I have this XML along with an embedded DTD:
<?xml version="1.0" ?>
<!DOCTYPE customers [
<!ELEMENT customers (name,age,roll,sex)>
<!ELEMENT name (#CDATA)>
<!ELEMENT age (#CDATA)>
<!ELEMENT roll (#CDATA)>
<!ELEMENT sex (#CDATA)>
]>
<customers>
<name>XYZ</name>
<age>19</age>
<roll>23</roll>
<sex>M</sex>
</customers>
When i try to validate the XML, its showing me an error. But if i change the #CDATA to #PCDATA then the validation is successful.
Question 1) I don't have a proper explanation why is this happening. The only difference between the two is: #CDATA will not parse whereas #PCDATA will parse. In such a case. both the validations should succeed right? Please explain where am i wrong since the output of this validation is going against my concept.
Regards,
There is no such thing as #CDATA
available for use in XML DTDs. It is an unknown keyword. That's why you get an error.
CDATA
is a keyword that is used when declaring attributes in a DTD. You cannot declare an element to be of type CDATA
(or #CDATA
).
The string CDATA
is also found in CDATA sections (<![CDATA[ ... ]]>
), which are entirely different things. They can be used in an XML document to escape characters (such as &
) that would otherwise be interpreted as markup. CDATA sections are not declared in the DTD; they are simply used when needed.

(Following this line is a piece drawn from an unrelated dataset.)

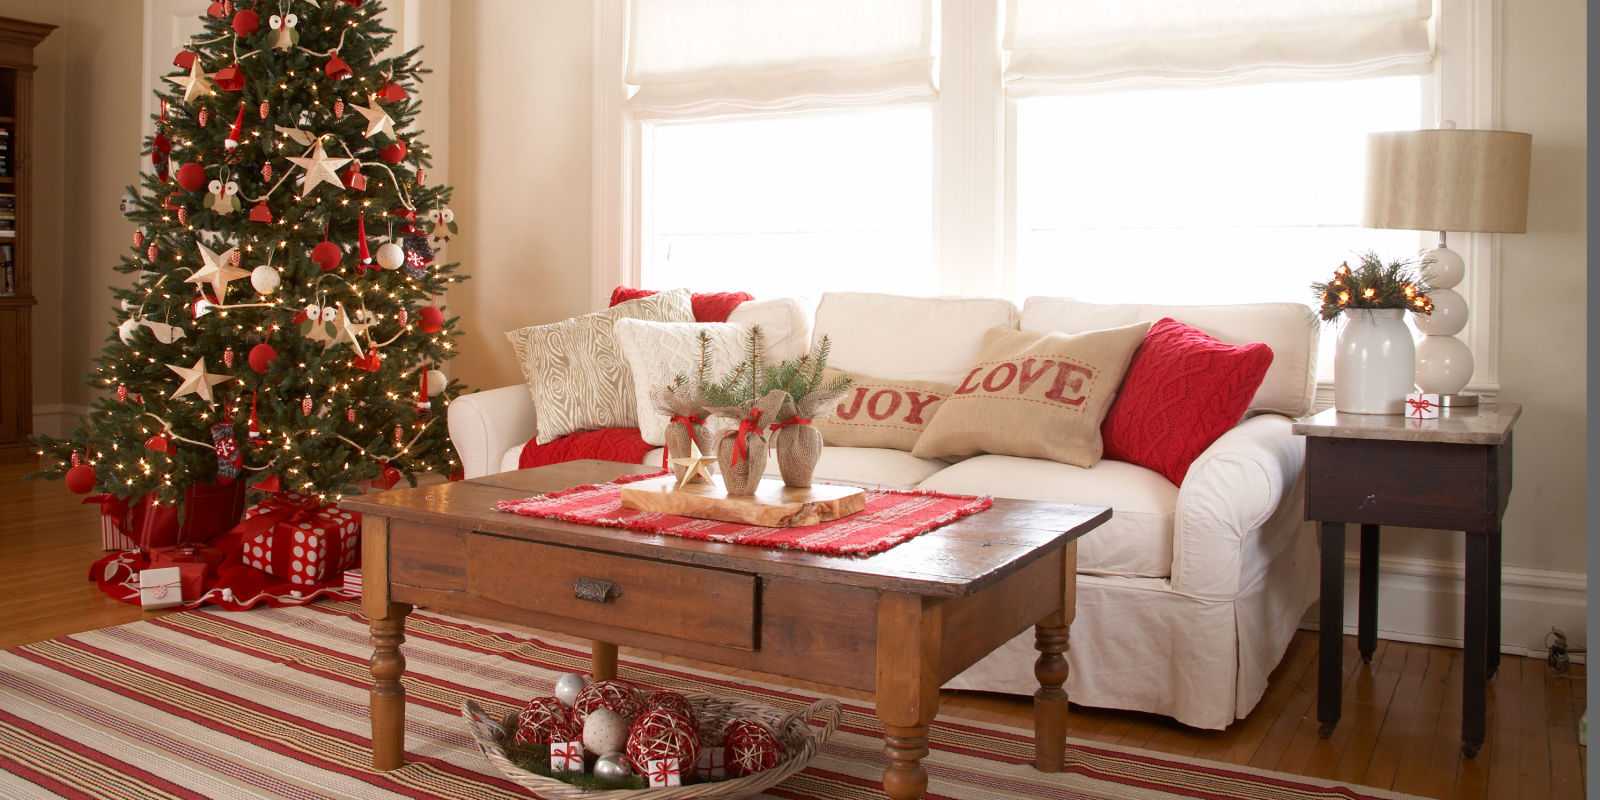 47 Easy DIY Christmas Decorations - Homemade Ideas for ...

If you have markup such as <name>L&T</name>
(that is not enclosed in a CDATA section), then it will be rejected by the parser. It does not matter how the name
element is declared in the DTD.
A CDATA section starts with <![CDATA[
and ends with ]]>
: <sex><![CDATA[M]]></sex>
.
This is intended to include anything your XML parser should just skip without interpreting: significant line breaks, special characters, XML markup in a role of a text string. The only thing it cannot directly contain is ]]>
.
PCDATA is parsed CDATA, which corresponds to usual plain text.
So PCDATA is what you really need.